The ongoing growth of digital resources, supplier reviews, and scaled analytics makes it easier for new chemists to learn what seasoned researchers figured out through hard-won experience. Comparing options head-to-head in practical use—not just by reading catalogs—gives clearer insight into which subtle differences make or break a synthesis. For teams seeking better results, investing in reliable, well-characterized building blocks like 1,3-diethyl 2-(4-bromophenyl)-malonic acid has moved from luxury to necessity.
Seeing a trusted lot perform exactly as expected delivers a quiet kind of satisfaction in research—smooth column chromatography, predictable NMR spectra, and straightforward product workup. This freedom lets teams focus their creative effort downstream, trusting that the early steps will run as designed.
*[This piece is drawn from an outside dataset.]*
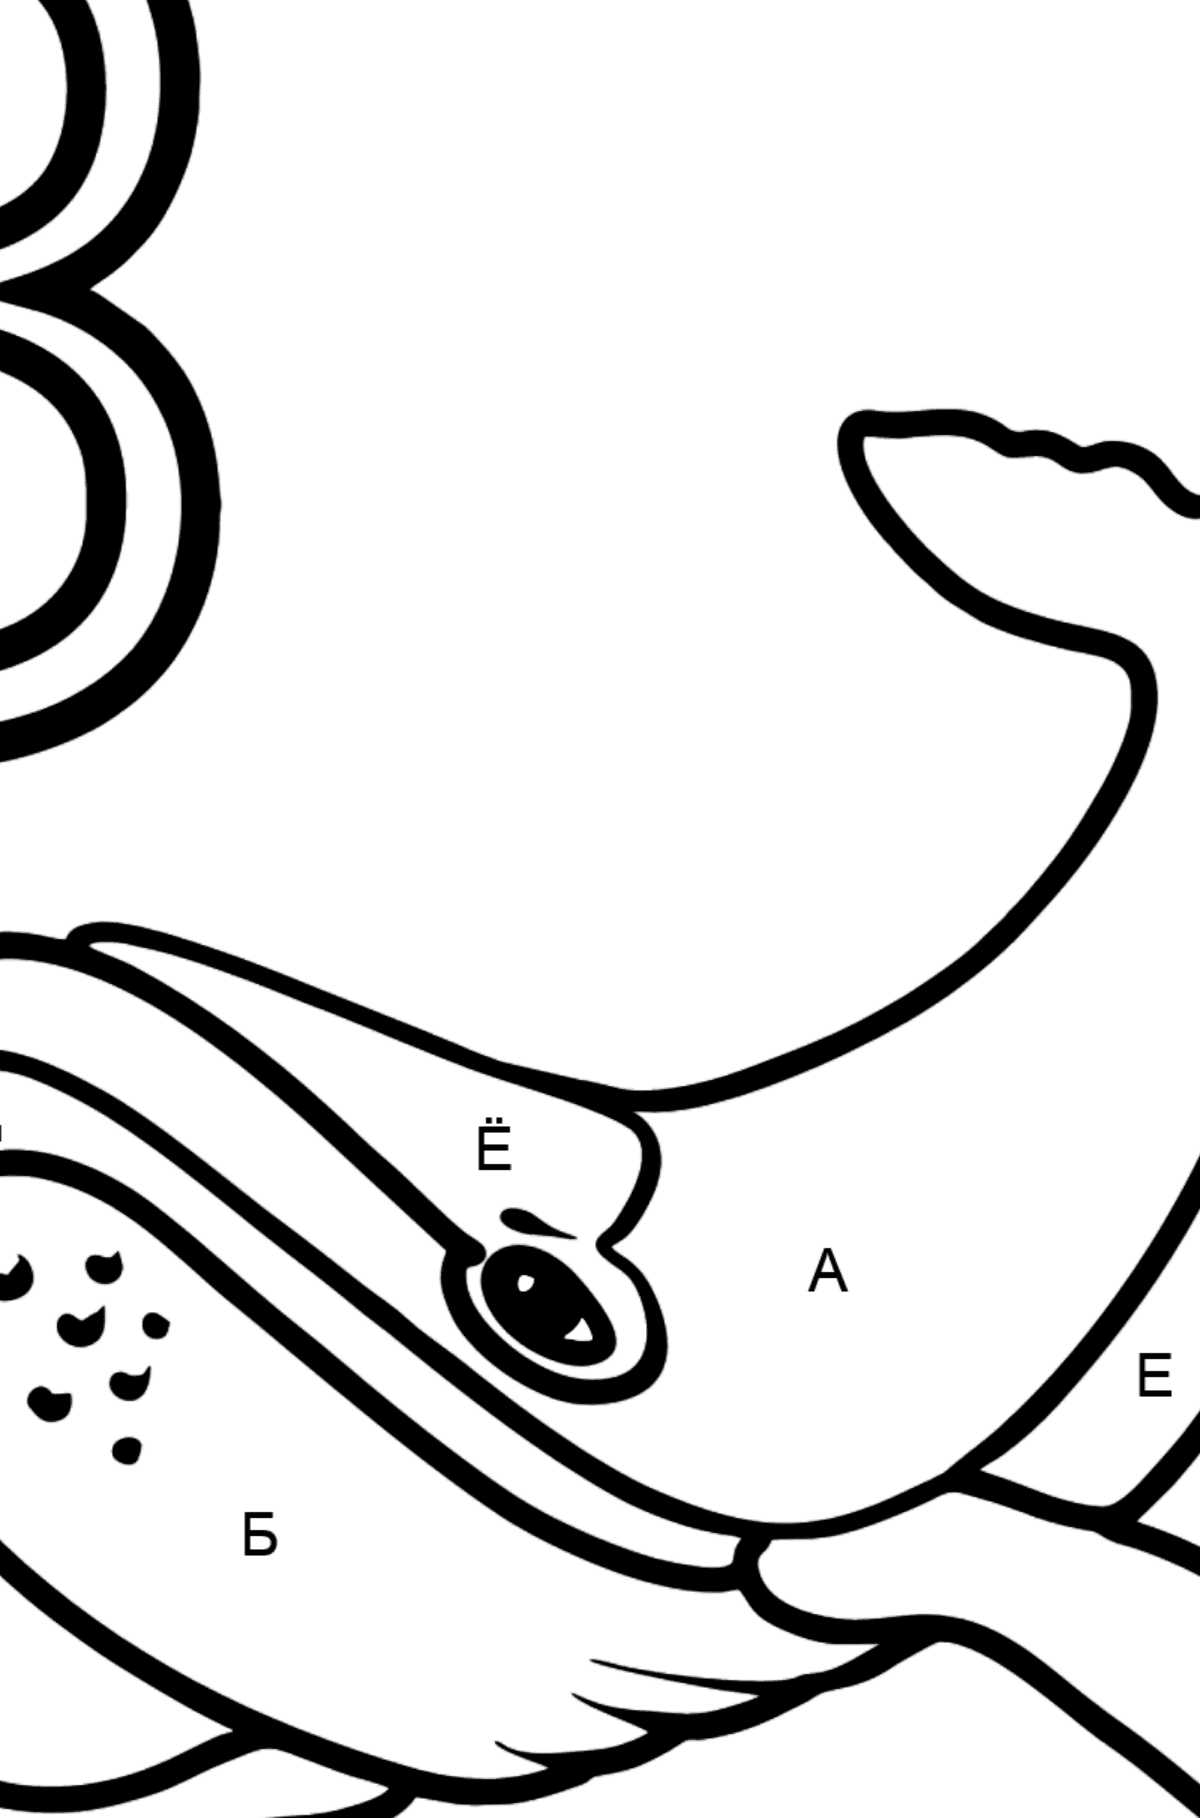 Раскраска Буква B - португальский алфавит - BALEIA - По Буквам для Детей

New developments in organometallic catalysis, green chemistry, and pharmaceutical synthesis keep sharpening the need for specialty building blocks that don’t introduce wildcards to complex reactions. 1,3-diethyl 2-(4-bromophenyl)-malonic acid finds its sweet spot wherever reliability, selectivity, and stability offer an advantage. Its position as a well-established starting material looks set to hold strong as research grows more sophisticated and interconnected.
In laboratories built on trust, practice, and evidence, choosing materials that streamline work, reduce troubleshooting, and open doors to new science does more than pad a budget—it makes day-to-day research better for everyone involved.